What you are asked to do: If a line below falls between the line with "Camisa Social Masculina" and the line with "centros-hospitalarios", or is one of those two, output it exactly; output nothing else and no pictures.

Entries shown:
• • • • •
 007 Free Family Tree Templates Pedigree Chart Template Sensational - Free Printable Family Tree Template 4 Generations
• • • • •
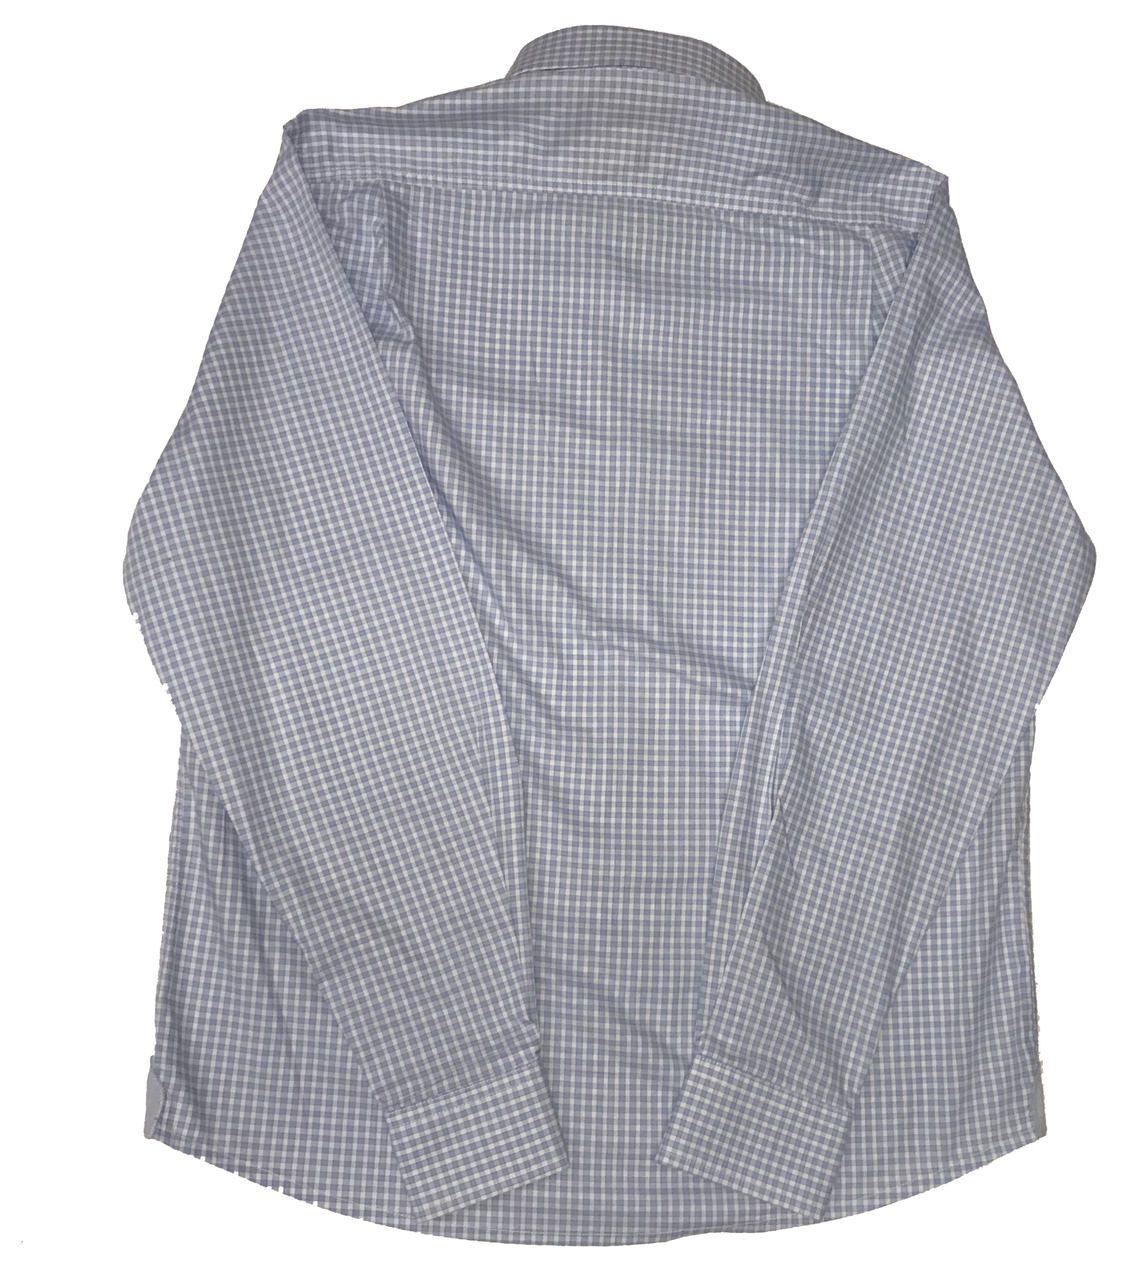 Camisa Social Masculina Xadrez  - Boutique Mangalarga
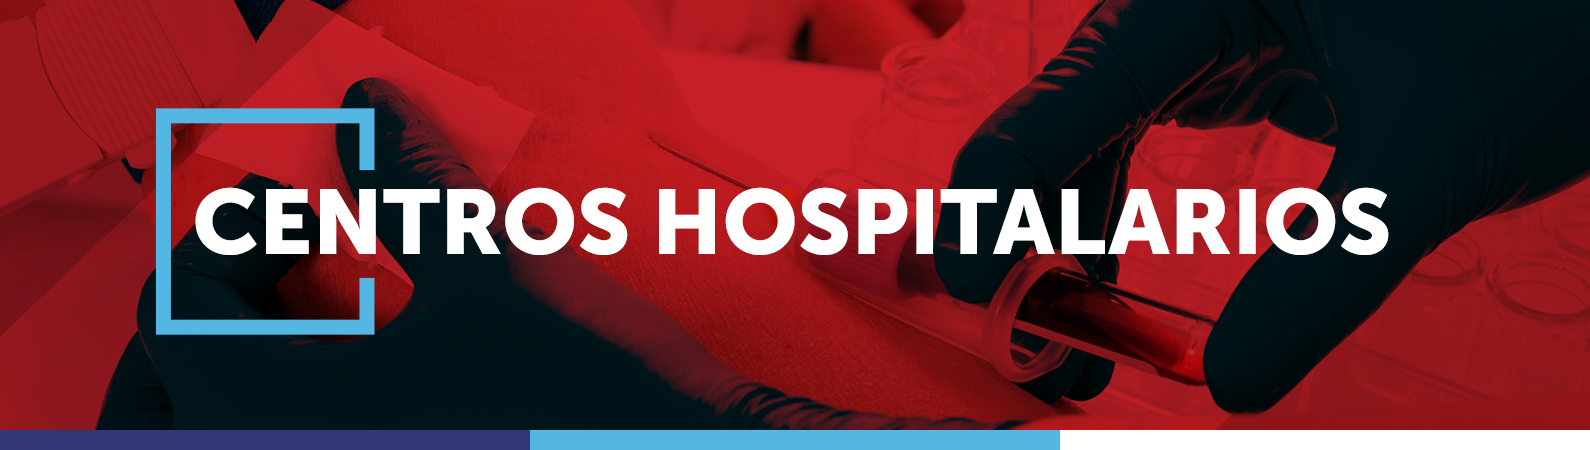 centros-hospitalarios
• • • • •
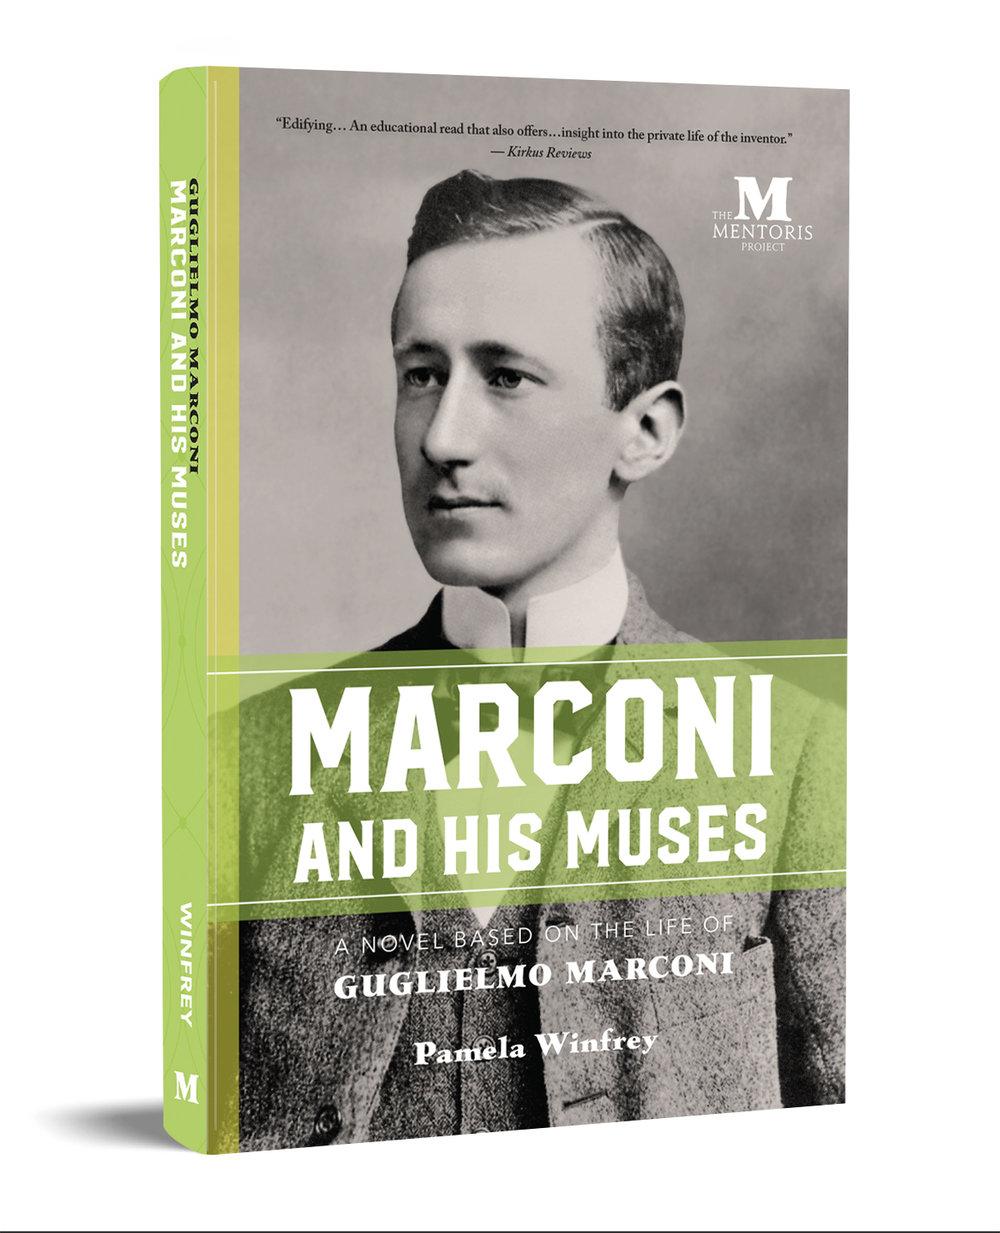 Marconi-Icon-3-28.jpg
• • • • •
Response to this task:
 Camisa Social Masculina Xadrez  - Boutique Mangalarga
 centros-hospitalarios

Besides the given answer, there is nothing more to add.